1. Write an assembly program using the six instruction set discussed in class plus the instructions you have added in the previous labs. (Let's call this program MaxFinder.s.) The MaxFinder program steps through a *variable* length array stored in consecutive memory locations and determines which of the elements is the largest. The array is terminated by the element containing -1. The psuedocode for the MaxFinder program appears below:

```
 a = [4 \ 12 \ 9 \ 24 \ 17 \ -1]; \\ i = 0; \\ max = -1; \\ while(a[i] != -1) \\ if(a[i] > max) \\ max = a[i]; \\ i++;
```

- 2. You must use a loop structure to step through the array. To accomplish this, you should consult the code snippet which you stepped through in the previous section. Specifically, this version of MaxFinder requires self-modifying code to allow for the use of a while loop. Self-modifying code takes advantage of the ability to modify instructions in the memory (as you have seen in the first part of this lab). In this way a loop can be created by changing instructions to access sequential locations in memory.
- 3. Make sure that at the end of executing MaxFinder, the maximum value in the array is stored in register file location 0 (RF[0] = max). The output from the processor "R0\_out" is used simply to make it easier for you (and the TAs) to see the maximum value in the simulation waveforms.
- 4. To end a program execution cleanly, we have added a new instruction, END, to the ISA. The opcode for this instruction is "1111". Please use this instruction to end your program.
- 5. Test your MaxFinder program with the new Linux-based assembler/simulator. (Again, the Java-based simulator does not work with self-modifying code.) See the course web site for instructions on how to use the Linux-based assembler/simulator. Record the contents of the register file and memory locations at the end of the execution.

### **Questions**:

- (C) Assume that the array contains 10 elements and the 11th one contains -1. Based on the timing data of your processor implementation (which you have collected in the previous labs), calculate how many cycles it takes to execute your MaxFinder program. You need to take any wait states in the Verilog controller into account. Show your work.
- (D) Write a sequence of MIPS instructions that will perform the functions given by the psuedo-code above:
- (E) Assuming the cycle counts associated with the MIPS multi-cycle implementation, how long would it take to execute the MIPS sequence?
- (F) Compare and contrast the 6-instruction code and the MIPS code. (Things to consider: Quantitatively, which performs better? Why? Hint: go back to CPU time equation in Lecture 17 review)
- (G) Briefly discuss the pros and cons of self-modifying code.
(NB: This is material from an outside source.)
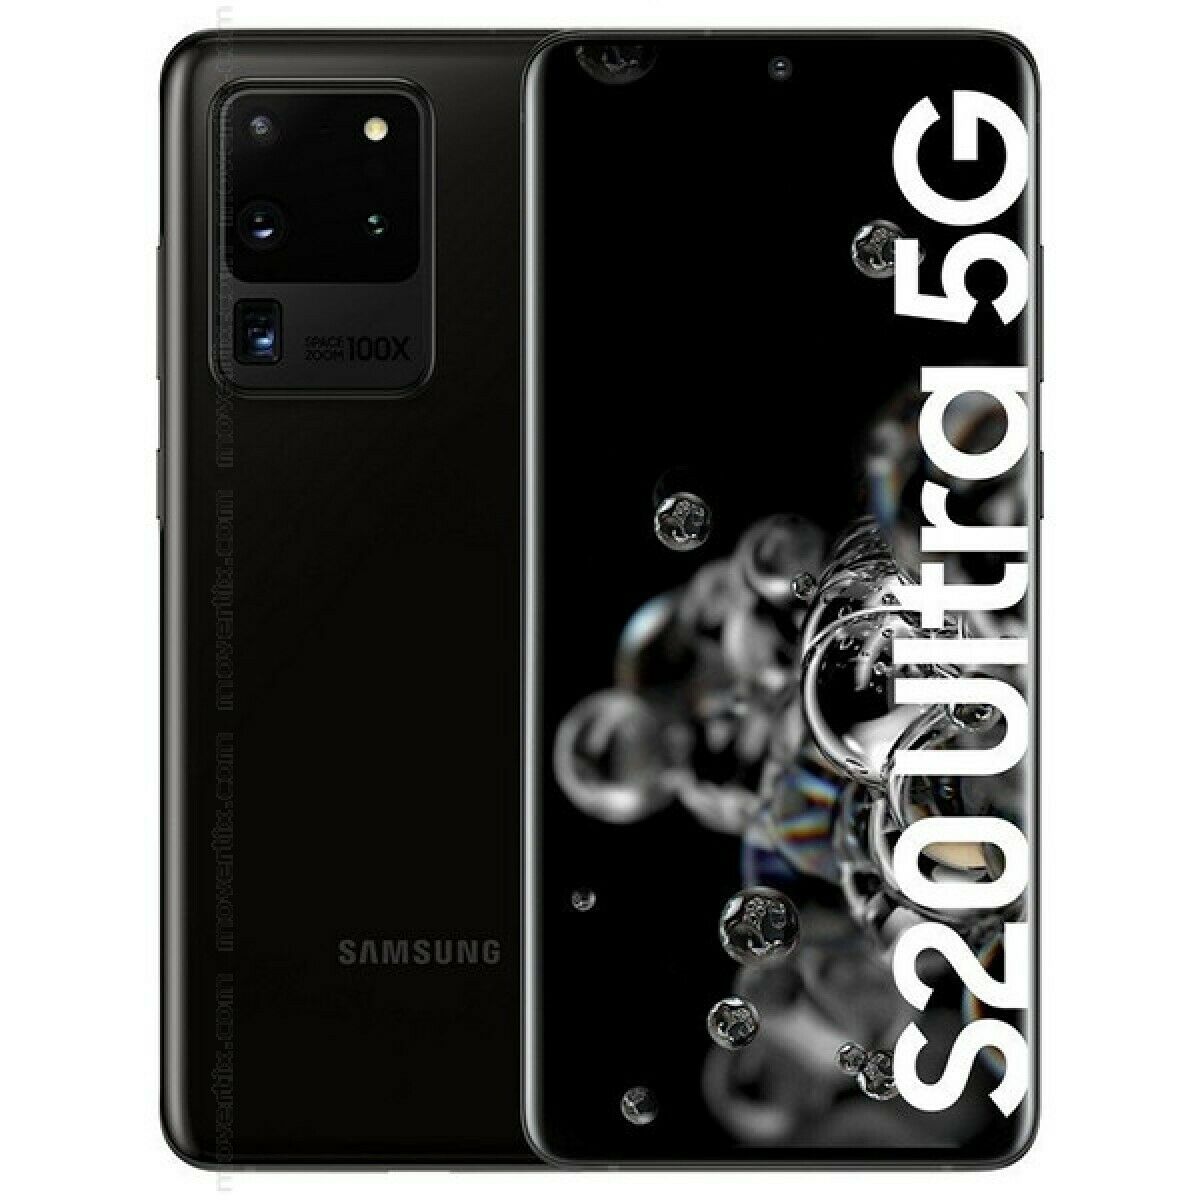 Samsung Galaxy S20 Ultra 5G Unlocked Smartphone - 128GB, 512GB in Black or Grey

<sup>&</sup>lt;sup>1</sup>Note: Be sure you understand what the term "Instruction Set Architecture" means in this context.

## 4 What To Turn In

A *typed* report that contains the following:

- The final memory contents of the online simulator for the MaxFinder program.
- Answers to Questions A-G.
- In addition, put all modified Verilog files and MaxFinder.s into one group member's dropbox, and note whose dropbox is used in the lab report. (Dropboxes are at /afs/nd.edu/courses/cse/cse30321.01/dropbox/your\_name.)

### 5 Useful Tips

The processor design used in this lab is based on the simple processor discussed in the textbook by Vahid but is altered such that the instruction and data memories are merged into a single memory component. Furthermore, all the registers and control logic are made to be negative clock edge triggered in order to reduce the number of clock cycles per instruction. A block diagram of the new processor design is given below. With the merged memory, a 2-to-1 MUX is introduced such that the memory address can either come from PC or from the controller directly.

The key feature of this processor is that it allows instructions to be modified in the same way as data being updated. For example, if a store instruction stores a register content into a memory location where an instruction resides, it essentially changes the instruction. Such a style of coding referred to as self-modifying code is one way to achieve looping through an array. Though self-modifying coding style is not widely used (especially in modern processors), processor designs with unified memory are actually used widely.



Figure 1: A simple processor with a unified memory.